İsrail o zamandan beri yüzlerce Hizbullah üyesini öldürdüğünü söyledi ve grup operasyonel güvenlik nedenleriyle savaşçıları için kamu cenaze duyuruları yayınlamayı bıraktı. Hizbullah 90 İsrail askerini öldürdüğünü iddia ederken, İsrail medyası bu rakamı yaklaşık 37 olarak veriyor.
İsrail hükümetinin Arapça yayın organı, atanmasından kısa bir süre sonra, X’e, Kasım’ın Nasrallah ve Safieddin’in “izlerini takip etmesi halinde görev süresinin kısa olabileceği” uyarısında bulunmuş ve Hizbullah’ın silahsızlanması çağrısında bulunmuştu.
Güney Lübnan’da Hizbullah ile İsrail arasında sert çatışmalar yaşanırken, İsrail savaş uçakları ülkenin büyük bölümünü bombalamaya devam ediyor.
Bölge valisine göre, İsrail Pazartesi günü Bekaa vadisindeki Baalbek’te 37’den fazla hava saldırısı gerçekleştirdi ve en az 67 kişiyi öldürdü ve 120’den fazla kişiyi yaraladı. Ölü ve yaralıların üçte ikisinden fazlası kadın ve çocuktu. Bu, Hizbullah ile İsrail arasındaki çatışmaların bir yıl önce başlamasından bu yana bölge için en kanlı gündü.
Baalbek’in Brital kasabasından gelen görüntülerde, bir önceki gece bombaların düştüğü bölgelerden çökmüş binaların ve yükselen duman sütunlarının olduğu bir sokak görülüyor.

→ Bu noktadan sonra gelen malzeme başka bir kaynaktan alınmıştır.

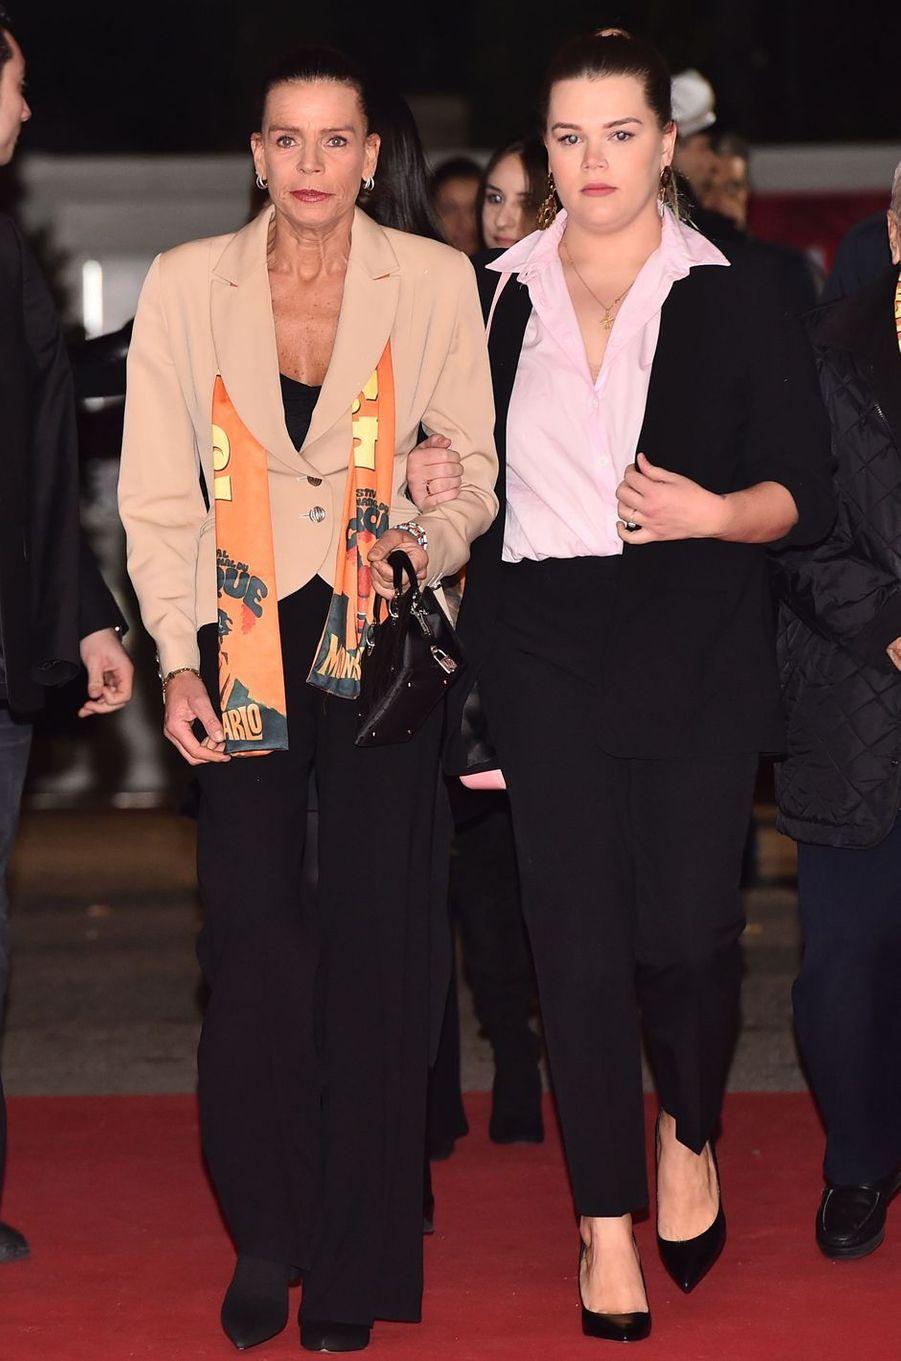 Le look de la princesse Stéphanie de Monaco au Festival international du cirque de Monte-Carlo, le 19 janvier 2019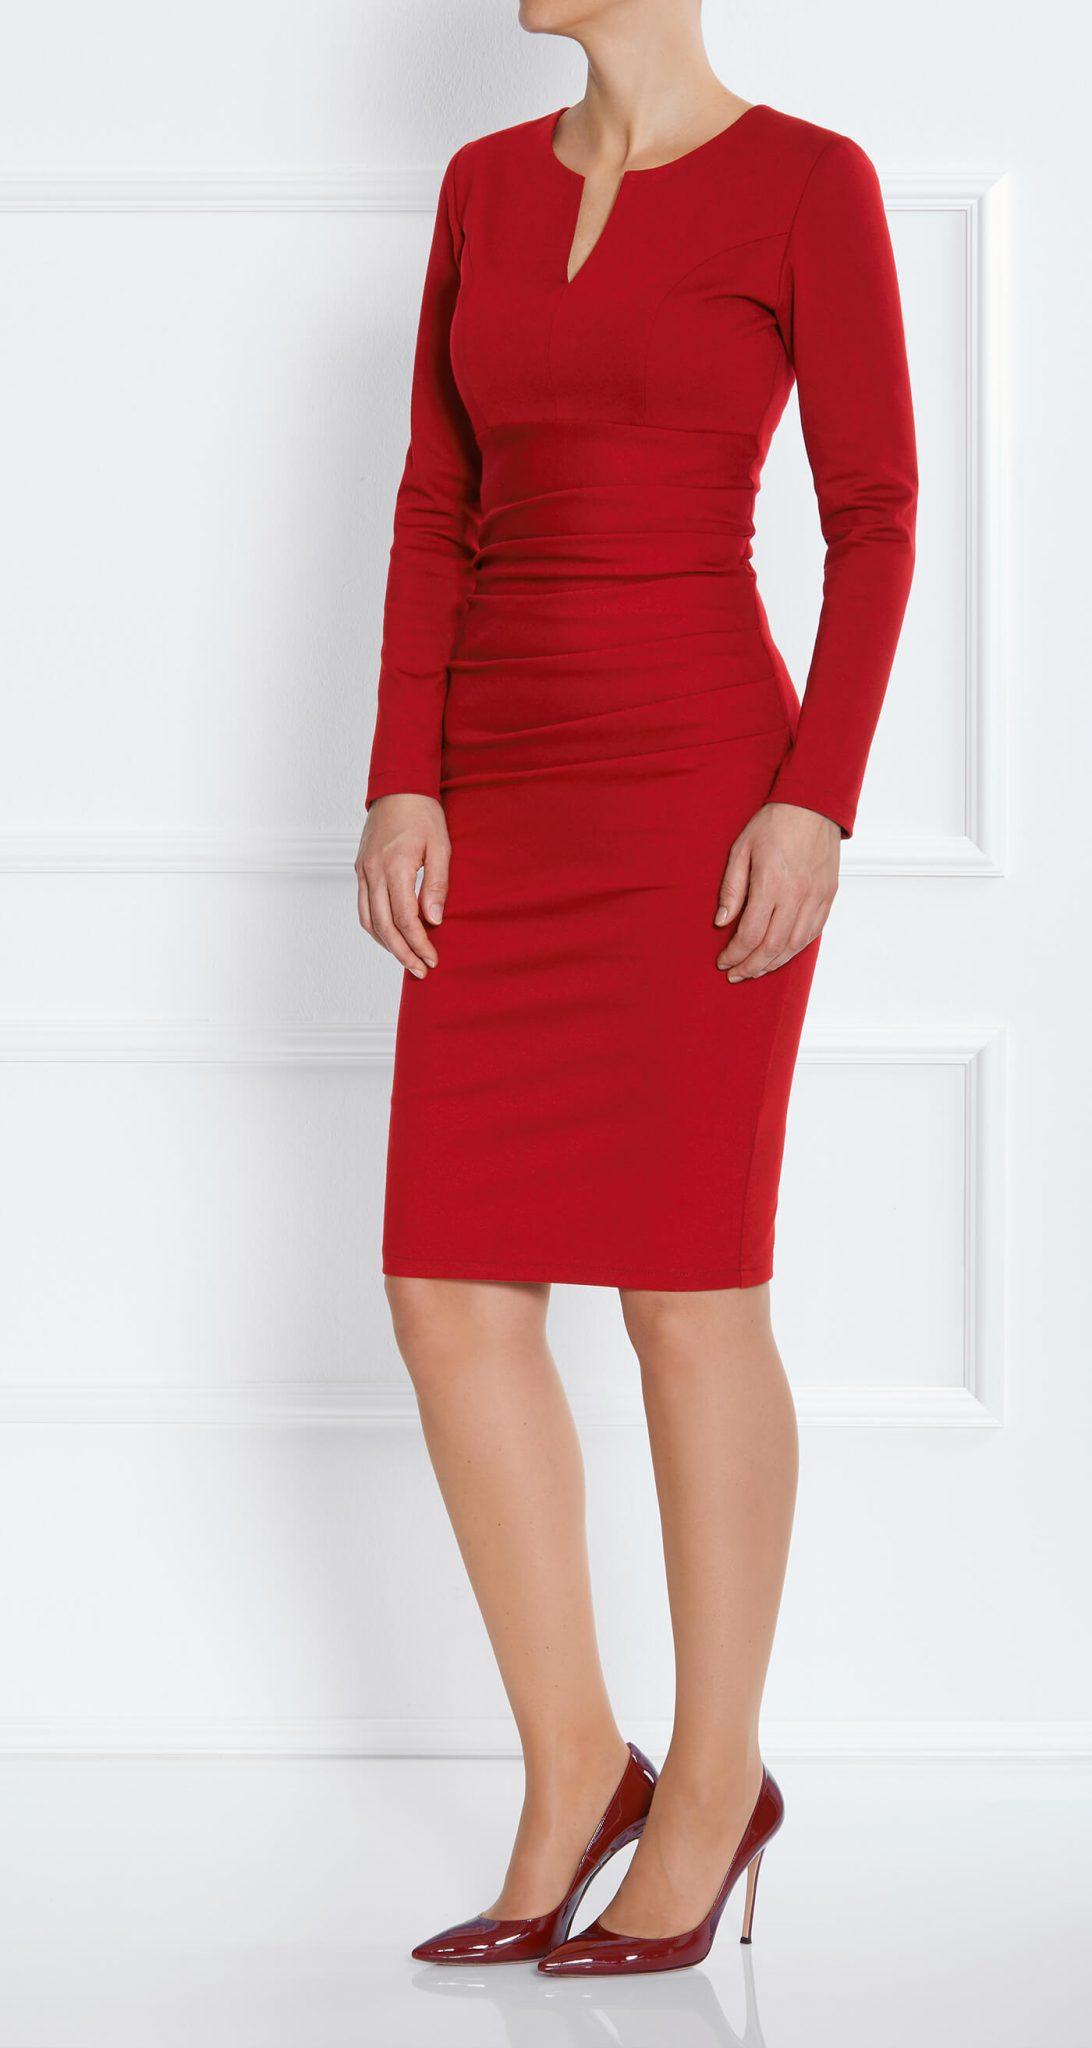 AMCO Fashion by Annett Möller | AMCO SAVANNA DRESS | Stretch-Kleid | Flamenco Red | Business Kleid | für große Frauen

Baalbek, arkeolojik alanlarıyla ünlüdür; bunların başında 1984’te UNESCO Dünya Mirası listesine alınan Baalbek tapınak kompleksi gelir. Pazartesi gecesi gerçekleşen bombalamada Baalbek kalesinin tarihi kapılarından biri hasar görürken, tapınak kompleksinin iç kısmı zarar görmedi.
Bekaa vadisi, tarihi olarak Hizbullah’ın destek gördüğü ve grubun orada silah depolarının bulunduğu bir bölgedir. Ancak, Lübnan’ın en büyük coğrafi bölgelerinden biridir ve politik ve dini açıdan çeşitlidir.
İsrail’in 23 Eylül’de Lübnan’a yönelik yoğun hava saldırılarını başlatmasından bu yana, Güney Lübnan dışında Bekaa Vadisi en çok saldırının gerçekleştiği bölgelerden biri oldu.